前項までの4泊5日の古道歩きを終え、最終日に宿泊した南紀勝浦温泉 ホテル浦島さんを熊野古道の最終章として紹介します。熊野灘に突き出た狼煙山(のろしやま)半島に建つホテル浦島は、本館、山上館、なぎさ館、日昇館の4館で構成された巨大リゾートホテルであります。
勝浦港の桟橋からカメさんの送迎船に乗り、約5分でホテル浦島に到着します。平日にもかかわらず、フロントには沢山の人がチェックインため列をなしておりました。人気の高さが一目瞭然であります。
事前予約でこの日はバイキング式の2食付きが取れず、素泊りでの宿泊となりました。お部屋は日昇館の海の見えない洋室で、1泊8000円ほど、そこにGO TOトラベルキャンペーンで35%割引が付き、お安く泊まることができました。
チェックインを済ませ、部屋で荷を解き、5日間歩き続けた濃厚加齢フレグランス香る衣類を持ってコインランドリーへ。洗濯完了の時間を見計らって、先ずはホテル浦島さんの名物
「忘帰洞」へ。
「帰るのを忘れた?」そんなやつおらへんやろ~と、大木こだま・ひびきの気分でいざ入湯。海に向かって口を開いた大洞窟は童心をくすぐるゴキゲンなロケーションであります。うっすら白濁した湯に身を沈めると、香ばしい硫化水素臭がぷんと鼻腔をくすぐります。
洞窟の口を抜けると海側にせり出した湯つぼもあり、荒波が打ちつける音は爽快であります。泉質も素晴らしく、老若男女全てをニンマリさせる温泉です。
海側の湯つぼから見ると、くじらが口を開けたように見えます。海底が隆起してできた岬に熊野灘の荒い風波に浸食されてできた洞窟は、開口25m、奥行き50m、高さ15mの天然モノ。そして洞窟内に天然温泉が湧き、熱い湯溜まりとなって古くから沐浴されてきたそうです。
忘帰洞の入り口には大日如来様が鎮座しています。忘帰洞を後に部屋に戻ると、すっかりコインランドリーで洗濯していたのを忘れていたではありませんか。もし僕が偉い人だったら、「忘洗洞」の名がついたかも・・・しらんけどぉ~
ホテル浦島さんには忘帰洞の他に4つの浴場が点在し、湯巡りが楽しめるんです。本館フロントよりほど近い2つの浴場↓↓↓
ハマユウの湯は(午前が女湯・午後が男湯)滝の湯は(午前が男湯・午後が女湯)と入れ替わります。

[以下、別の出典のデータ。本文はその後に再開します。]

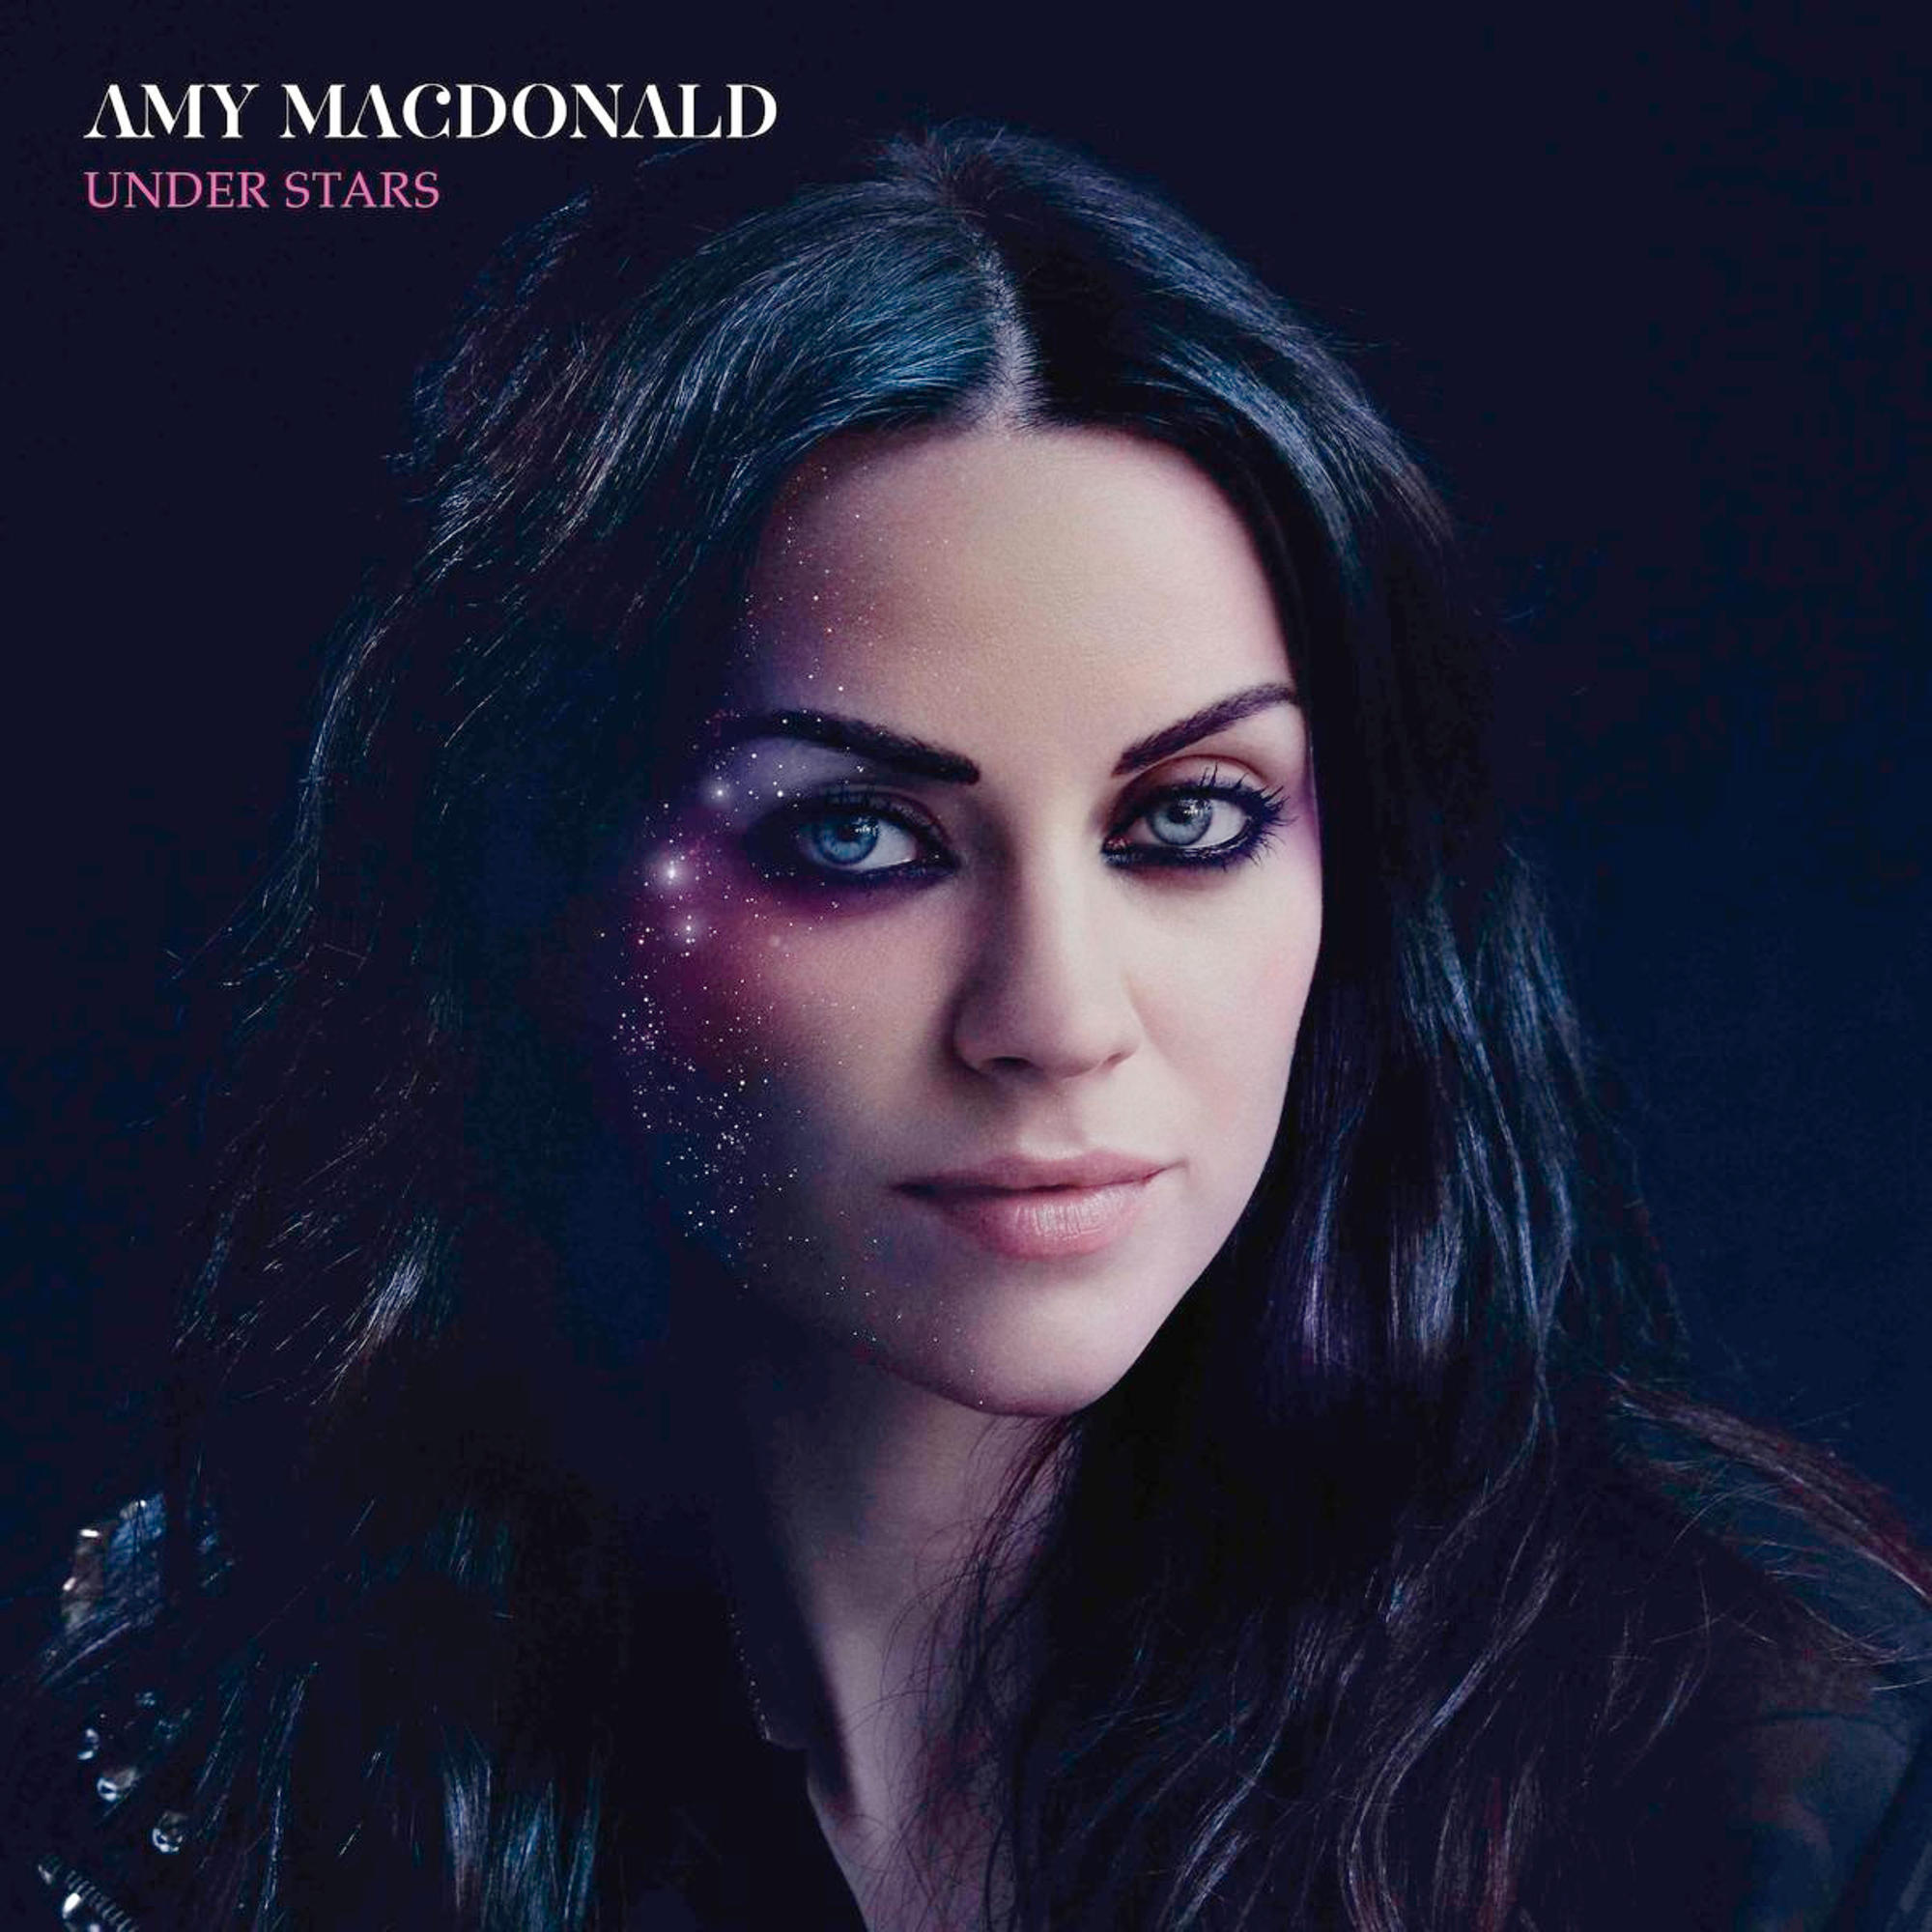 8 Under mit - (Deluxe (CD) Edition MacDonald Amy Bonus-Tracks) Stars -

そして本館にはコンビニ(ローソン)や食事処も数軒あり、素泊まりの客も安心して宿泊できるのです。さすが勝浦といった居酒屋の看板メニューには驚かされます(写真)。僕は居酒屋でくじらの竜田揚げなどをあてにチンカチンカに冷えたルービーで古道歩き無事踏破にカンパイ。
ホテル浦島さんのもうひとつの洞窟温泉がこちら↓↓↓
そしてもうひとつの内湯↓↓↓
体温ほどのやさしい湯温で良質な食塩硫黄泉にじっくり浸かれます。意外に空いているので穴場かも。
磯の湯の奥側の浴槽の湯口からは波のリズムで時折、プシューッと凄い勢いで湯が噴き出すので、真横に浸かっていると顔面シャワーをくらうのです。ちょうどドラマなどで見かけるカフェで女の子が怒りに任せてグラスの水を男に浴びせるぐらいの勢いと量です。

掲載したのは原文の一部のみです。